Every so often, I hear a student calling out like a crow. I leave my classroom. Frederick Buechner tells his story in his books. He believes it leads to healing. I agree.
Back when I was a bit of a punk, I watched birds. One thing it has told me about myself is that I am a visual learner. Maybe I have an auditory memory issue, but I just have had a terrible time associating calls with birds. There are exceptions.
There is a call which crows make when they encounter a hawk. Other crows come and together they do the best to make the hawks life miserable. as I explained to one of my zoology students...
OK, if a friend of yours was being threatened and they sent out a text message to the masses that led to you and others to come flocking. You would be behaving like a crow. This afternoon, when you go into homeroom, if your teacher makes a loud caw caw caw noise, and I come over to see how I can help.
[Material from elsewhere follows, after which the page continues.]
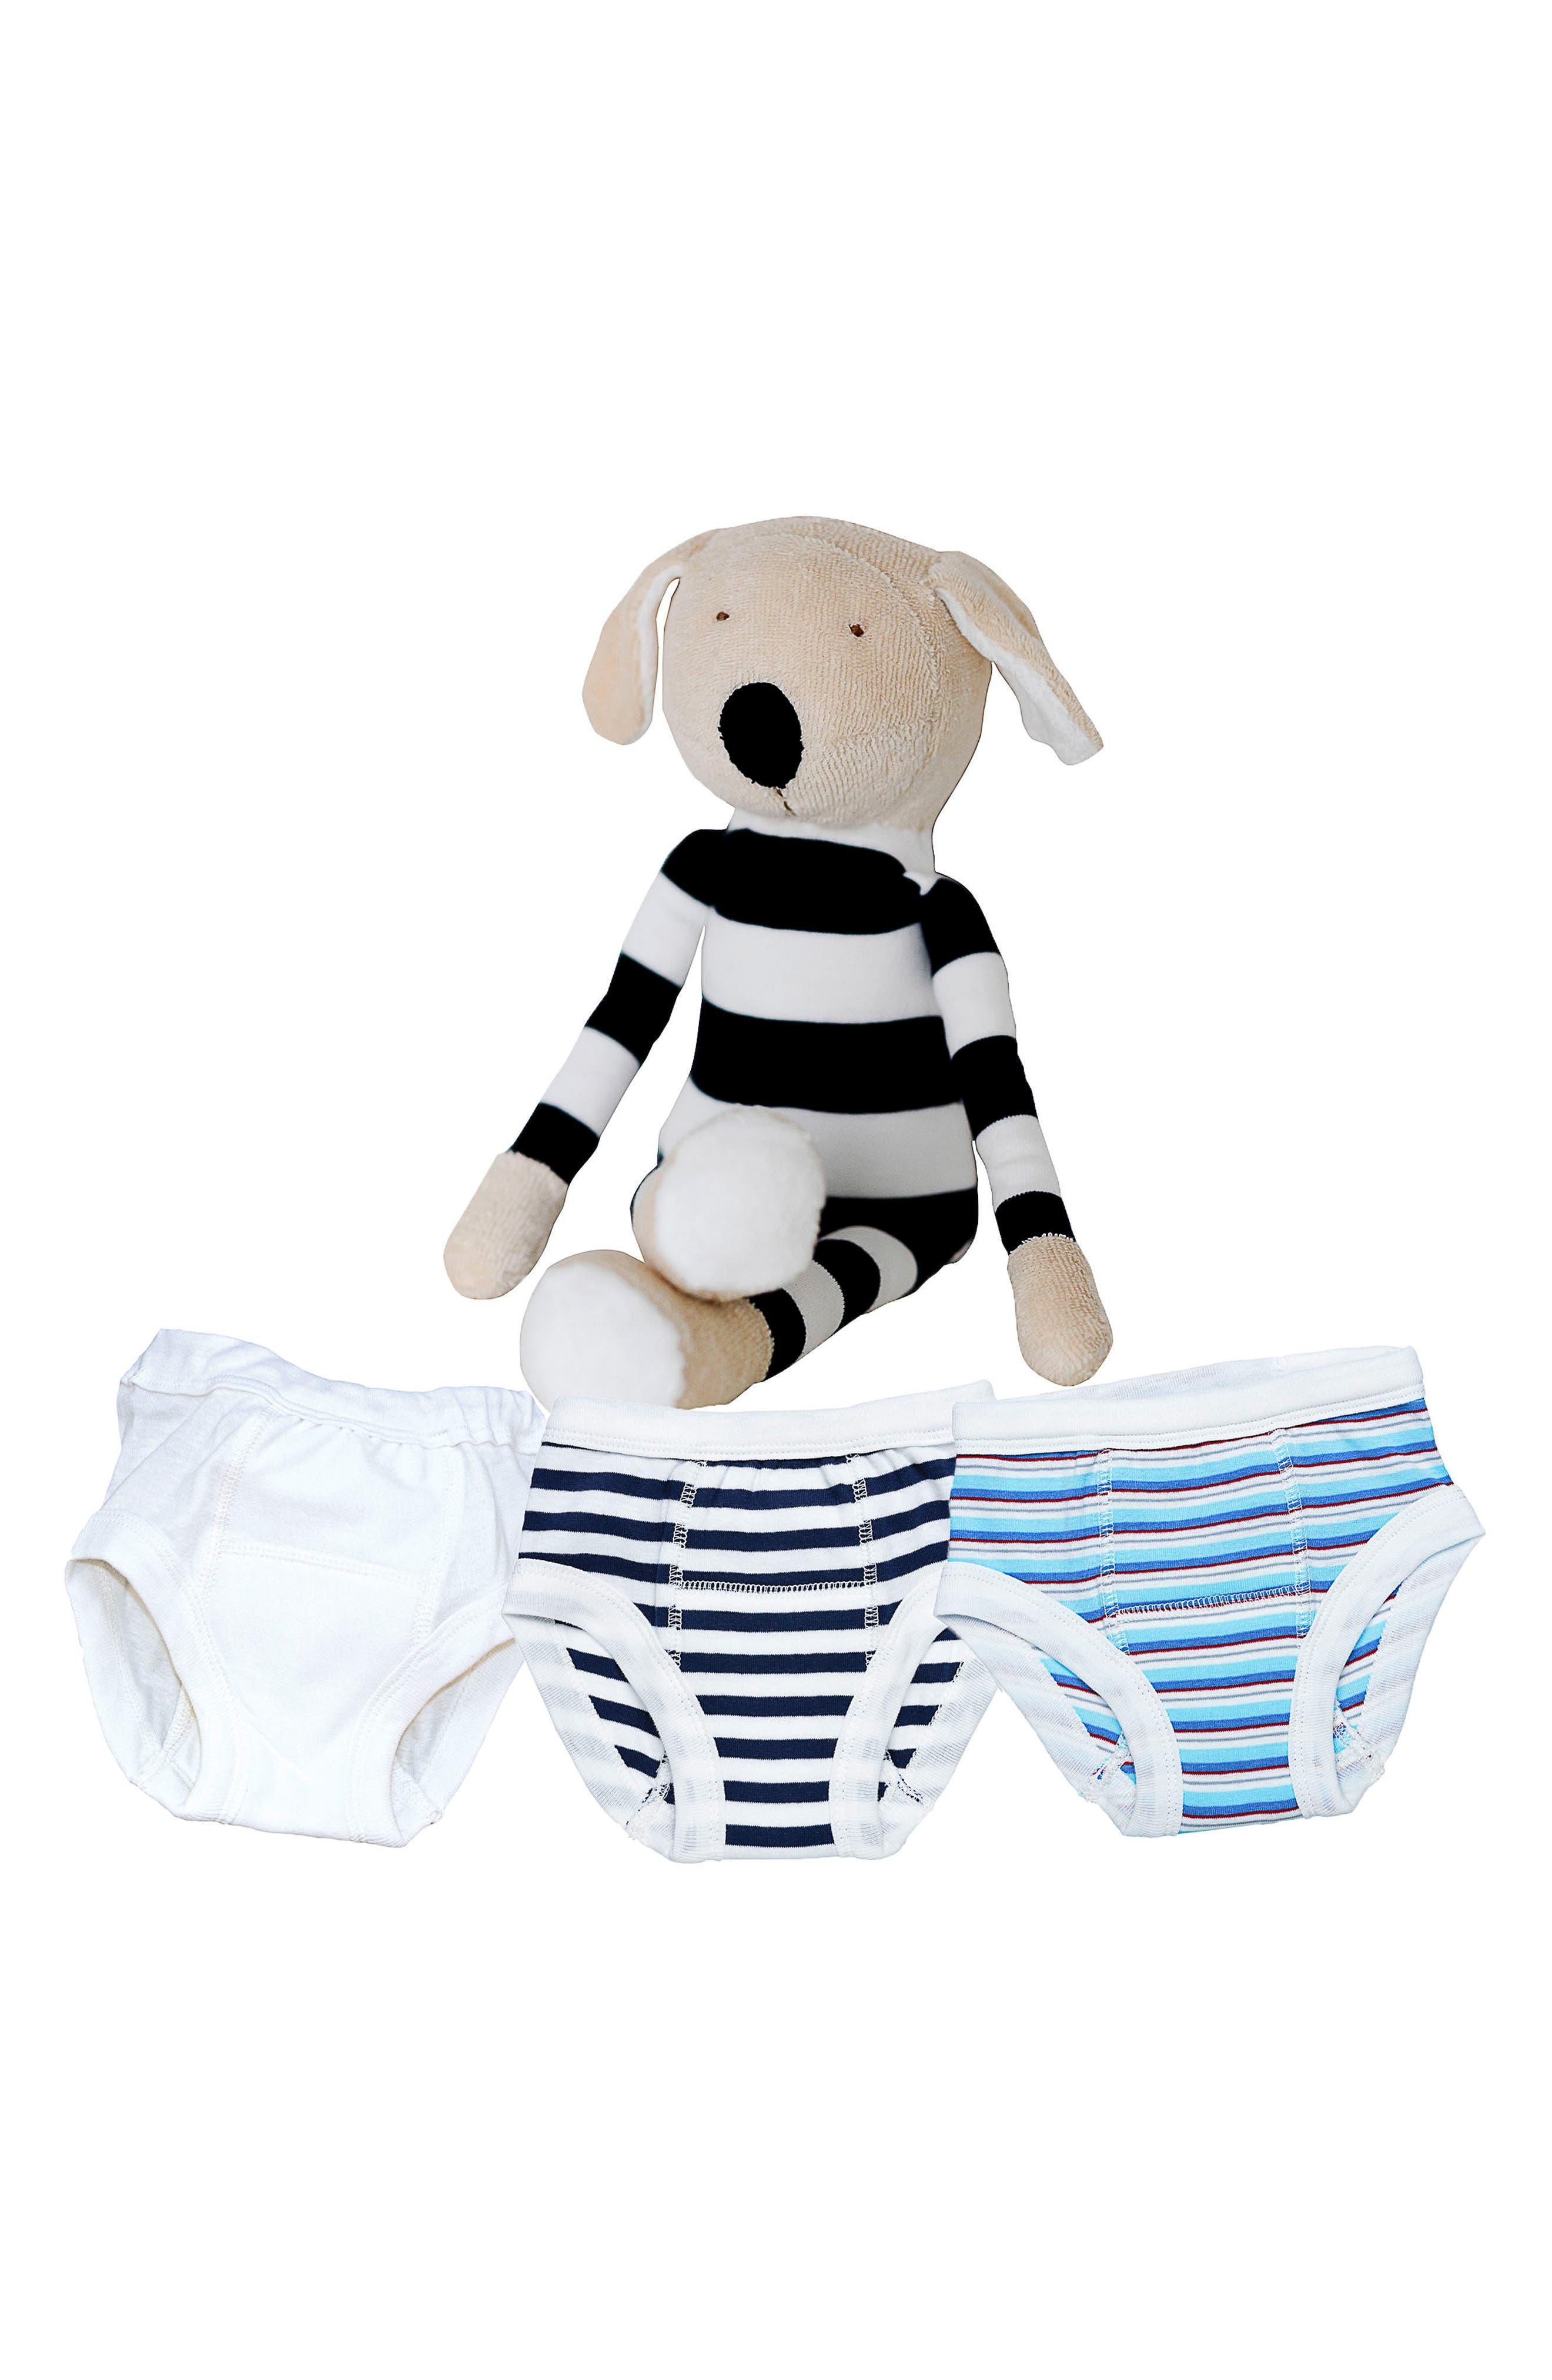 4-Piece Training Pants & Buddy Stuffed Animal Set,                             Main thumbnail 1, color,                             400

You will deserve an A in this class.
every so often, I am called by my student to visit the classroom. I think it may amuse him to have such power over me. However, I know it is not an emergency. The tone is not of distress. Our brain is wired to associate pitches with meanings. That is how we communicate with others and with dogs. A whine is clearly not a growl.
What I heard the other night as a family screamed in horror is a tone that haunts me. What I heard yesterday heals me.
The man, who once helped me to fix a flat tire, and his wife had come to check on their house. It turns out the couple with little girls are still their neighbors, but now in the hotel rooms supplied by the Red Cross.